Levonorgestrel intrauterine system associated amenorrhea: a systematic review and metaanalysis

Affiliations
Meta-Analysis

Levonorgestrel intrauterine system associated amenorrhea: a systematic review and metaanalysis

Jill E Sergison et al. Am J Obstet Gynecol. 2019 May.

Abstract

Objective data: Amenorrhea is a polarizing noncontraceptive effect of the levonorgestrel intrauterine system. Composite amenorrhea prevalence estimates that summarize all clinical data for the first-year after insertion currently are not available. The purpose of this study was to investigate the validity of existing prevalence estimates by the systematic calculation of amenorrhea measures for a general population of levonorgestrel intrauterine system users and to provide 90-day interval point estimates for the first year of use.

Study: We identified clinical trials, randomized controlled trials, and randomized comparative trials that were published in English between January 1970 and September 2017 through electronic searches of 12 biomedical and scientific literature databases that included MEDLINE and ClinicalTrials.gov.

Study appraisal and synthesis methods: We considered studies that clearly defined amenorrhea per World Health Organization standards (the complete cessation of bleeding for at least 90 days), collected data from written daily bleeding diaries (the gold standard data collection technique on menstrual bleeding changes), and evaluated levonorgestrel intrauterine system devices that released 20 μg of levonorgestrel per day. We assessed study quality using guidelines established by the US Preventive Services Task Force and Cochrane handbook for systematic reviews of interventions. Two reviewers independently conducted all review stages; disagreements were resolved by a third reviewer. Where possible, data were pooled with the use of a random-effects model.
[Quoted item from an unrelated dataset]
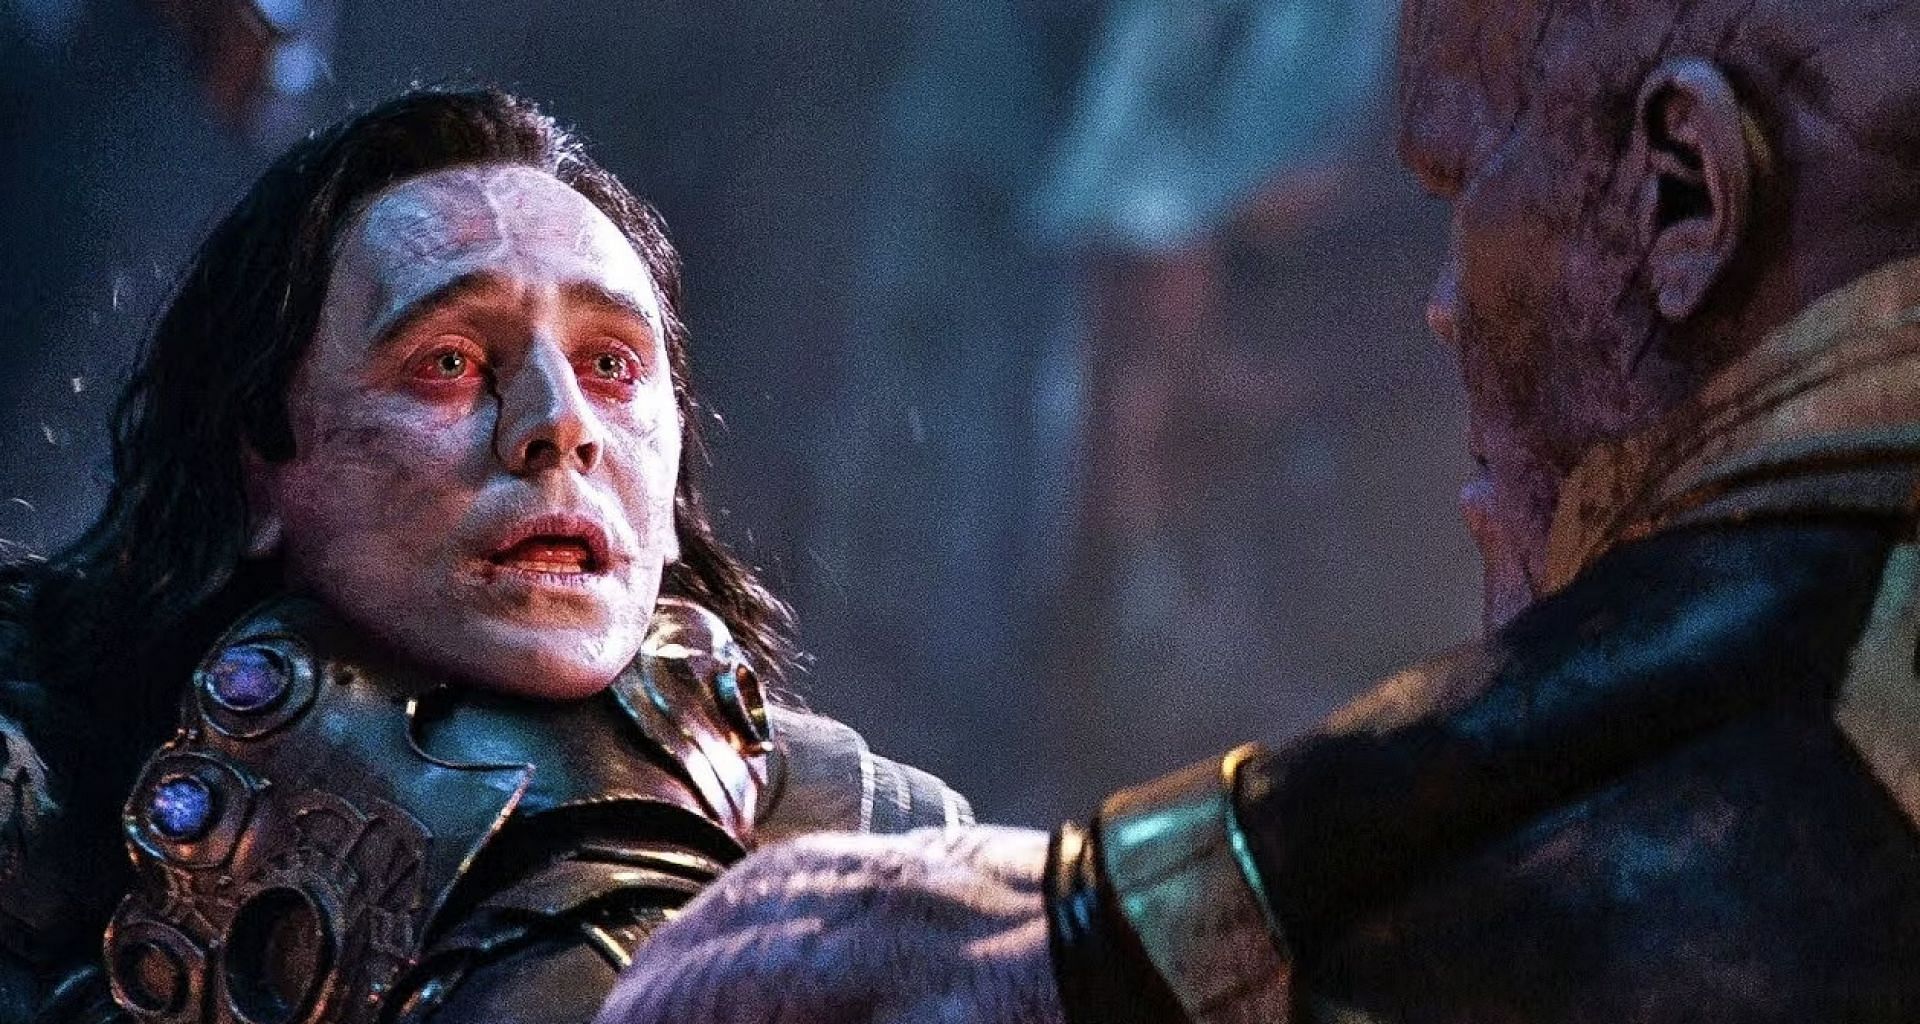 Thanos kills Loki in the opening scene, establishing him as a formidable villain (Image via Marvel Studios)

Results: Of 2938 potentially relevant studies, we included 9 in our meta-analysis. We calculated amenorrhea prevalence, which was weighted for inter- and intrastudy variance, for 4 90-day intervals and months 0-12. Our results demonstrated few levonorgestrel intrauterine system users (0.2%; 95% confidence interval, 0.0-0.4) experienced amenorrhea during the first 90 days after insertion; however, prevalence increased to 8.1% (95% confidence interval, 6.6-9.7) on days 91-180. Finally, 18.2% (95% confidence interval, 14.9-21.5) of users experienced amenorrhea for at least 1 90-day interval during the first year. Although interstudy heterogeneity limited reliability of days 181-271 and 272-365 measures, prevalence increased from 13.6% (95% confidence interval, 9.3-18.0) to 20.3% (95% confidence interval, 13.5-27.0), respectively.
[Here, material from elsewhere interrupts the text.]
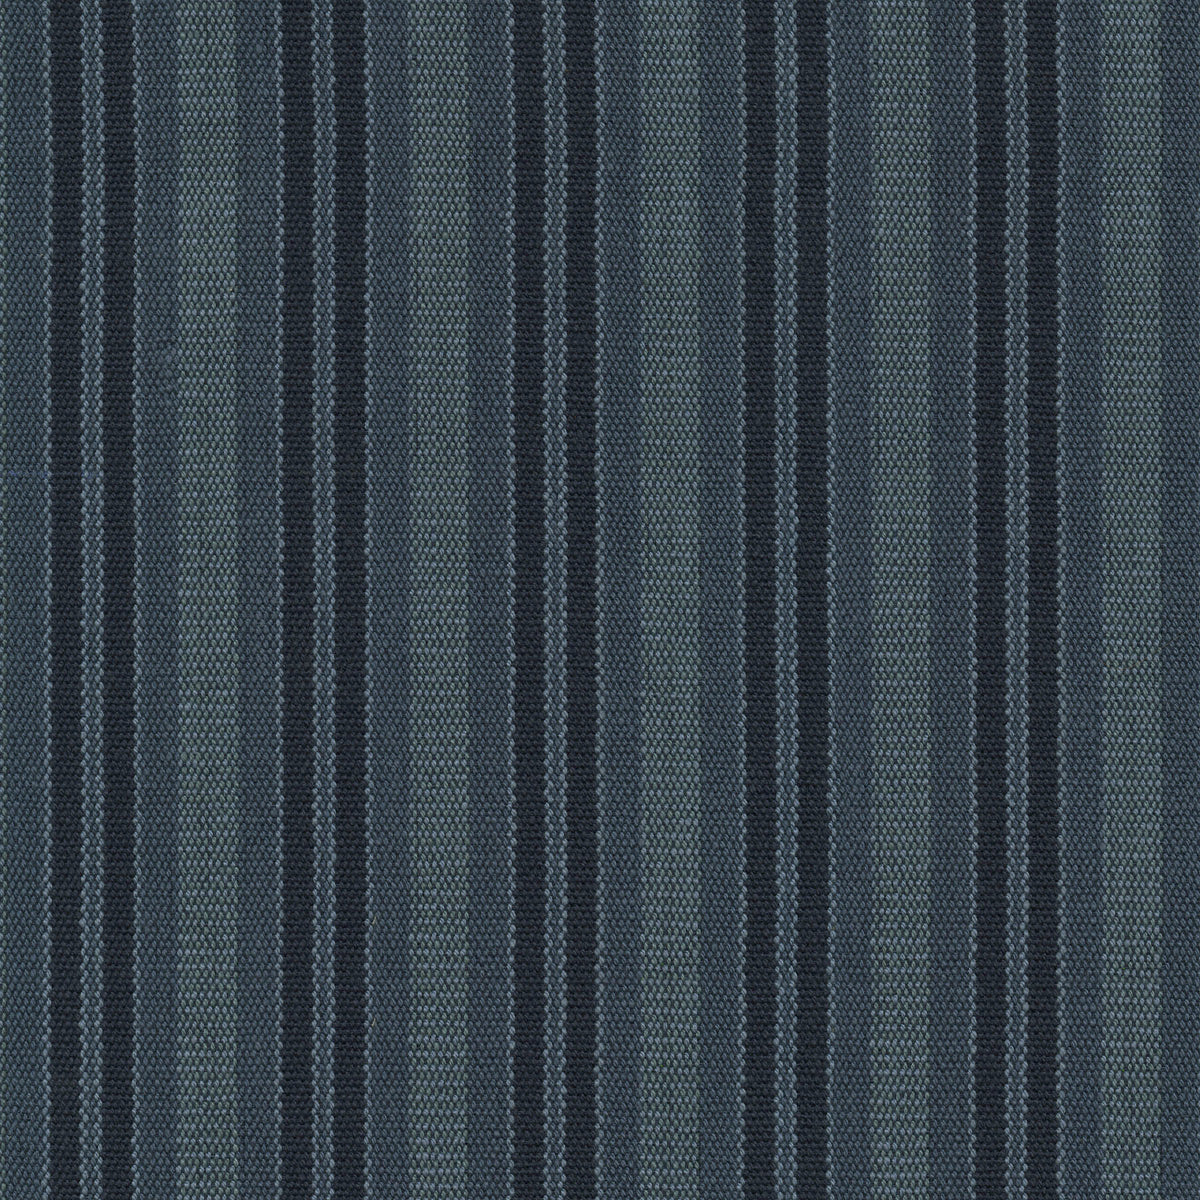 P/K Lifestyles Silverton Stripe - Indigo 411690 Upholstery Fabric

Conclusion: Approximately 20% of levonorgestrel intrauterine system users experience amenorrhea during at least 1 90-day interval by the first year after insertion. This composite estimate is consistent with the product labeling and demonstrates that most users do not experience amenorrhea during the first year. These results provide accurate summary measures to facilitate counselling and informed method selection.

Keywords: amenorrhea; levonorgestrel intrauterine system.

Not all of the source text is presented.